At the Westmont Diner in Haddon Township, owner Chris Prentzas said the egg shortage had one positive impact on his business, which usually goes through 12,000 eggs a week. The situation prompted him to switch this month from conventional to pasture-raised eggs, a move he’d been mulling for awhile. In the current market, he said, the cost through his supplier is not much different from conventional eggs, though he declined to specify what he was paying.
Still, Prentzas said, he plans to raise menu prices soon due to so many increased costs, including other food items and payroll. He anticipates that his customers will understand.

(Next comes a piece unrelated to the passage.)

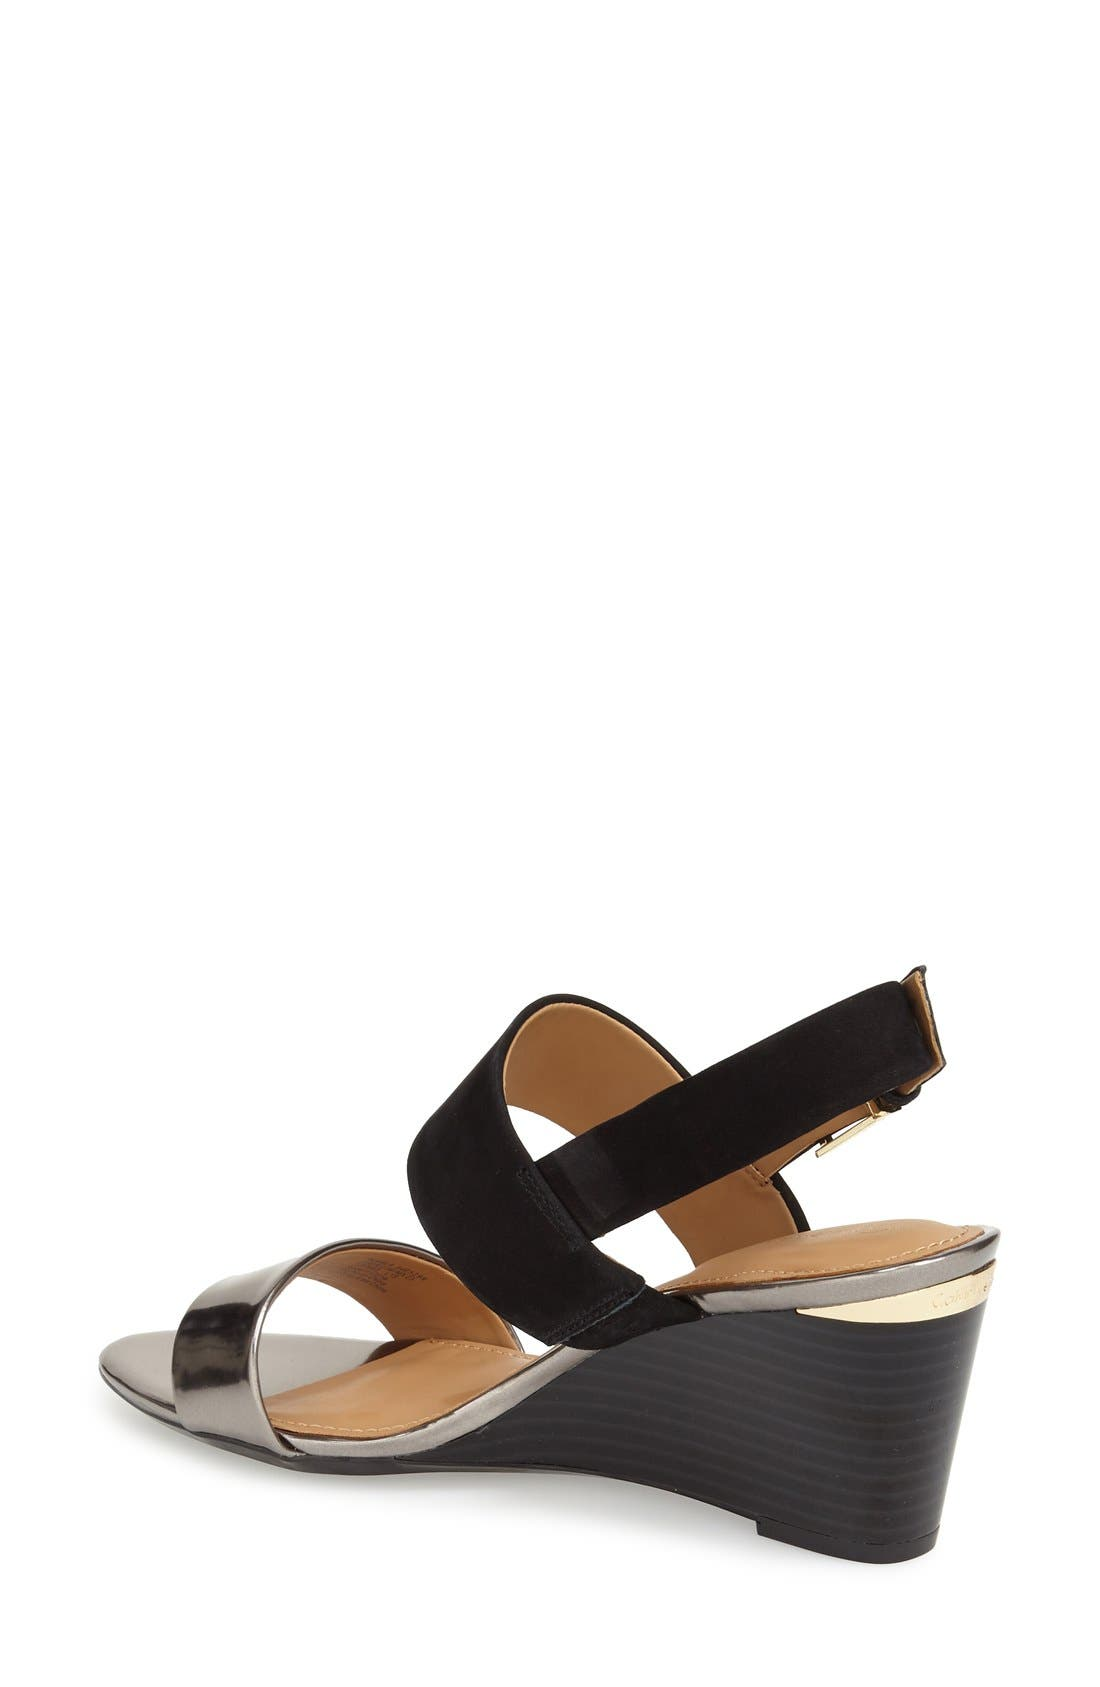 'Pearla' Wedge Sandal,                             Alternate thumbnail 3, color,                             001

“Everybody goes to the supermarket, and everybody sees all the increases happening,” he said. “It’s not just the eggs; it’s all over.”
Three price hikes in a year
At Hymie’s Deli, owner Louis Barson said he has adjusted prices three times in the last year due to rising costs of everything from romaine and iceberg lettuce to turkey and bacon to fish. In his more than three decades of owning the Merion Station landmark, he would typically change menu prices once every two years.
“Everything this year has gone up so much,” Barson said. “I’m almost numb to it as this point.”
Hymie’s goes through about 5,400 eggs a week. The chefs use them in breakfast items, such as omelets, platters, and pancake and waffle mix, as well as in their potato latkes and matzo balls.
With the cost he’s paying for a dozen eggs up more than $4 over what he paid just months ago, “it’s a ton of money per year” that’s being lost, he said. But as a longtime restaurant owner, and one who has weathered the pandemic, he said he’s become less anxious about factors outside of his control.
“Does it affect your bottom line? Yes,” Barson said. “Do I lose sleep over the price of eggs? No, I don’t.”
“It’ll come back down, like everything else,” he said matter-of-factly. “They’ll solve the problem.”